Available data
◆ ◆ ◆
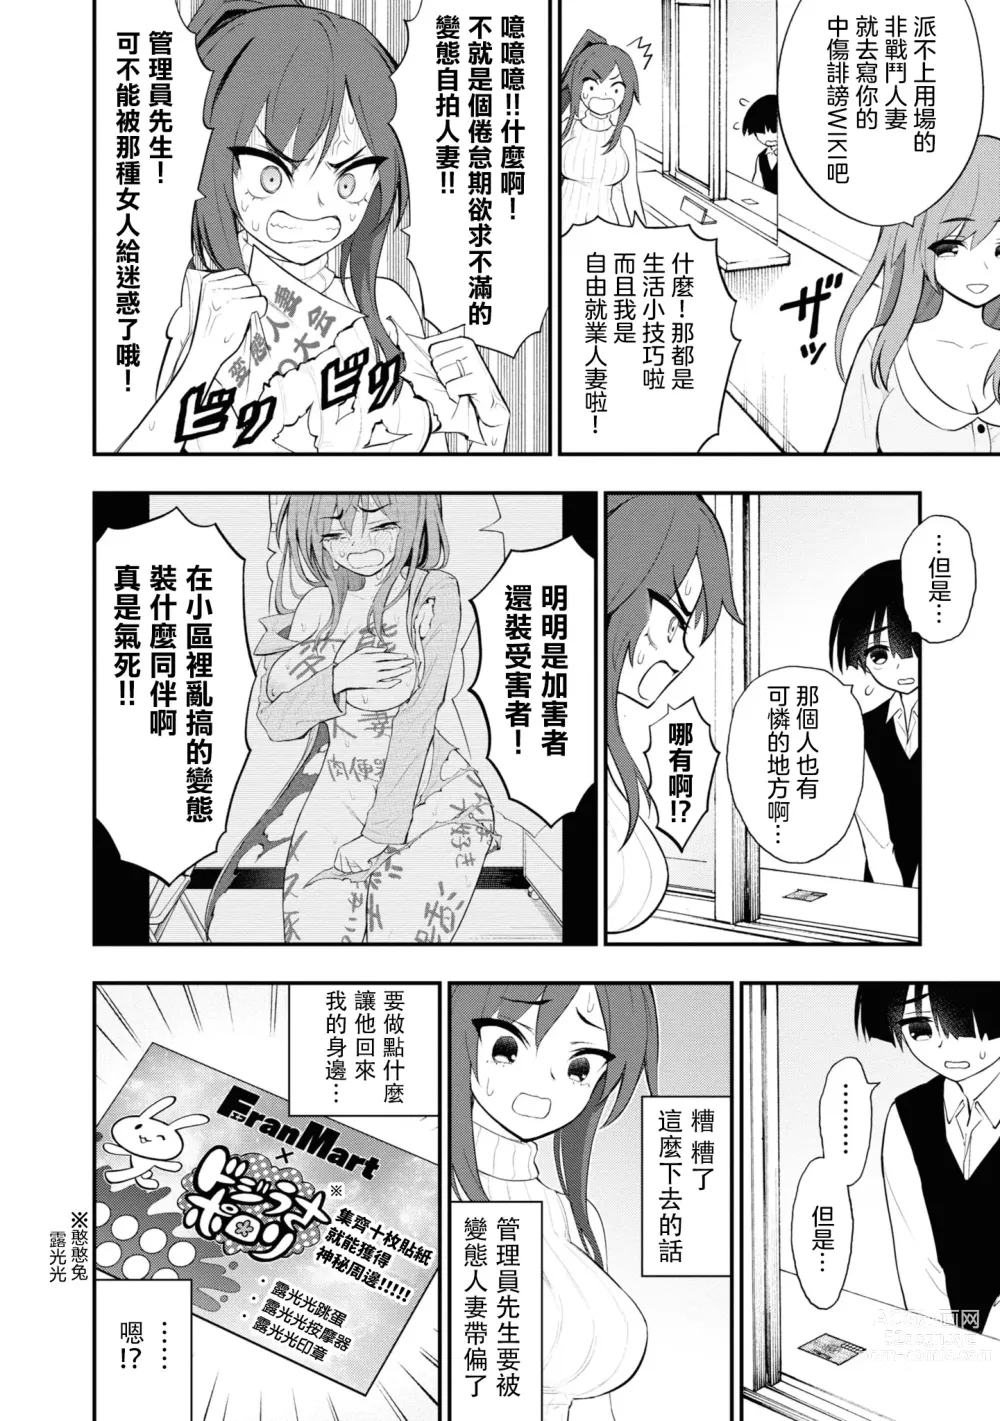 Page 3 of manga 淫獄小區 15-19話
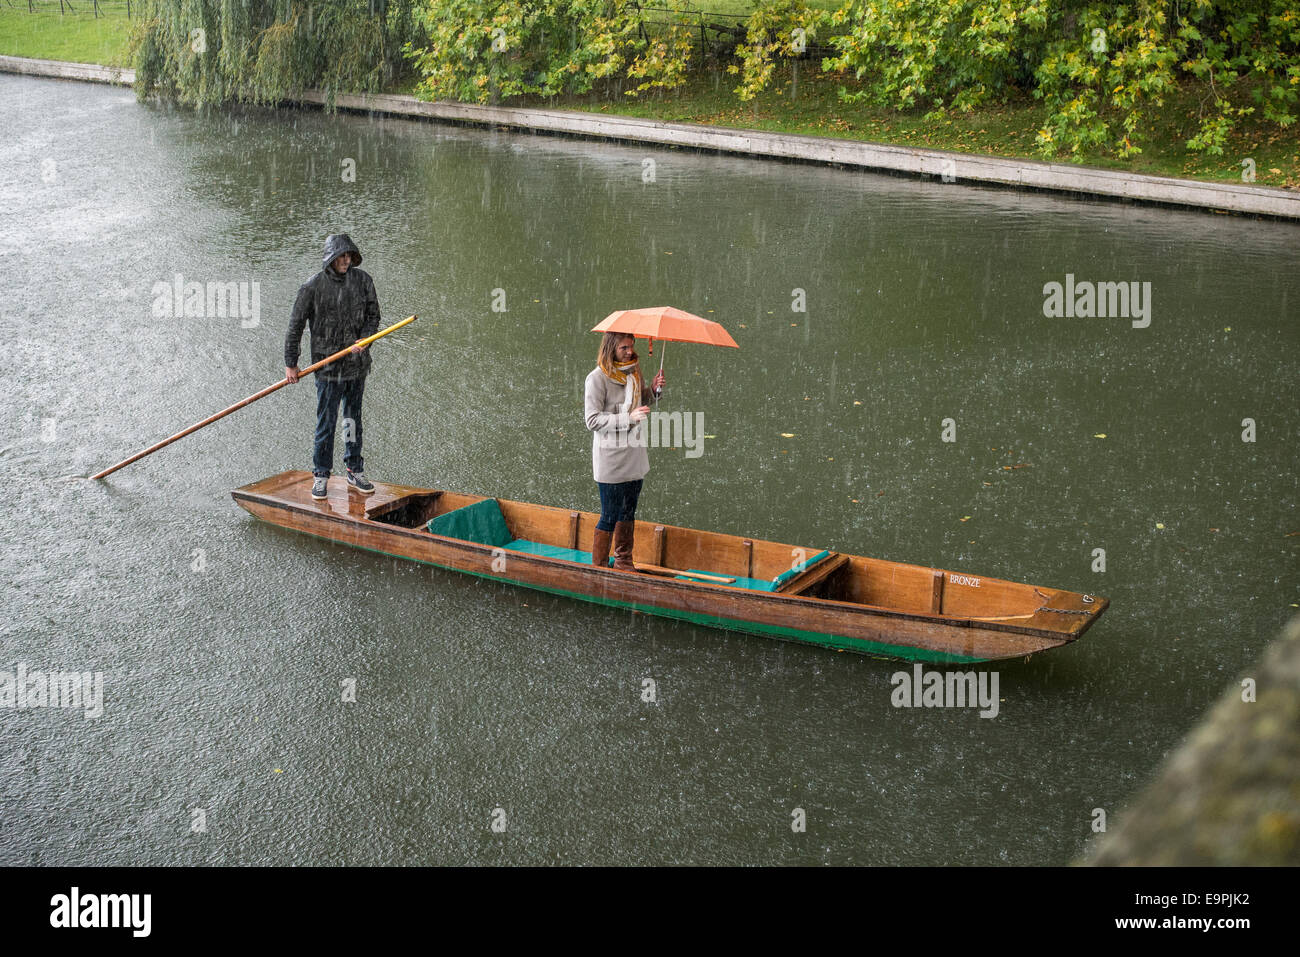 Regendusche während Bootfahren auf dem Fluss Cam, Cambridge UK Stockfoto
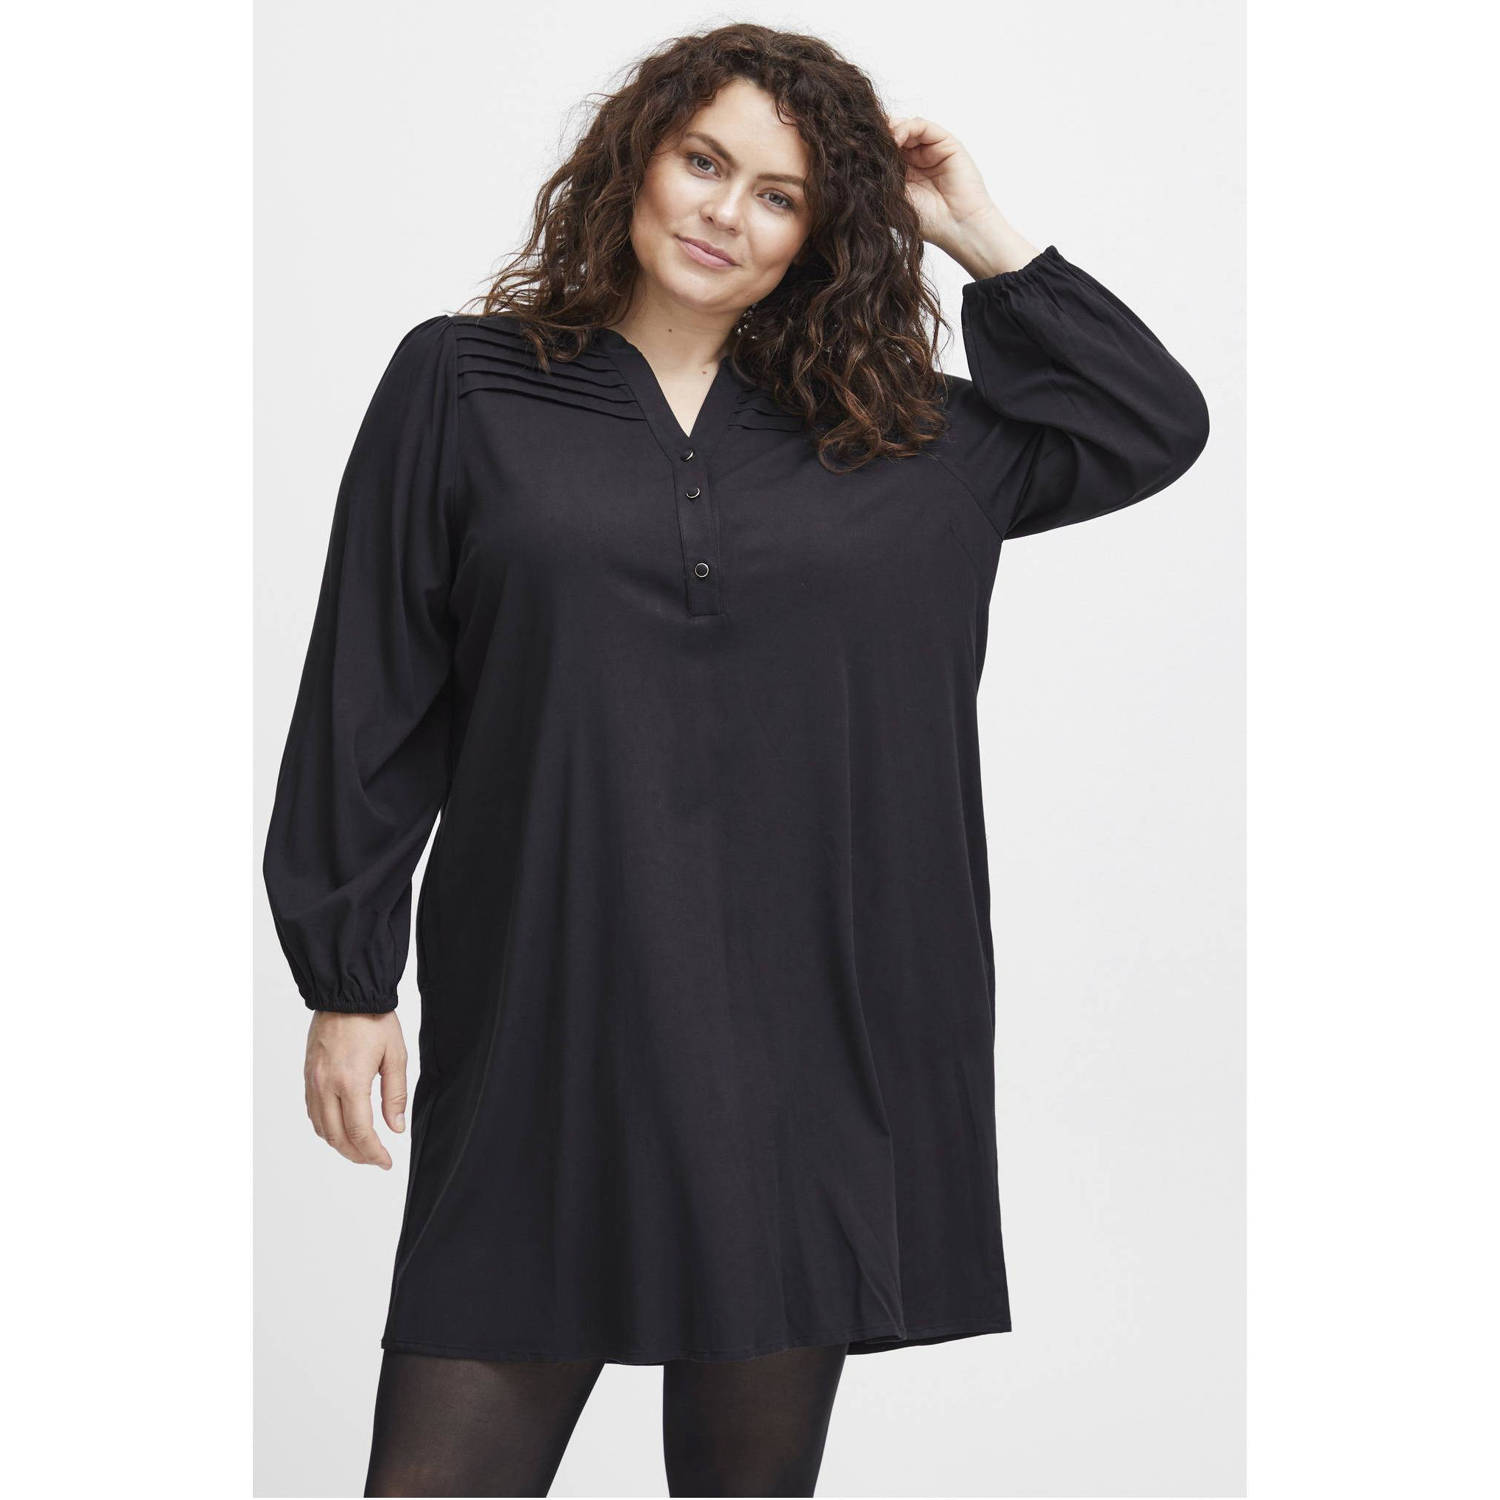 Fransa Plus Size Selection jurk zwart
◆ ◆ ◆
Activity
Each line above is to be repeated exactly as written; no picture is carried over.

Response
 Page 3 of manga 淫獄小區 15-19話
 Regendusche während Bootfahren auf dem Fluss Cam, Cambridge UK Stockfoto
 Fransa Plus Size Selection jurk zwart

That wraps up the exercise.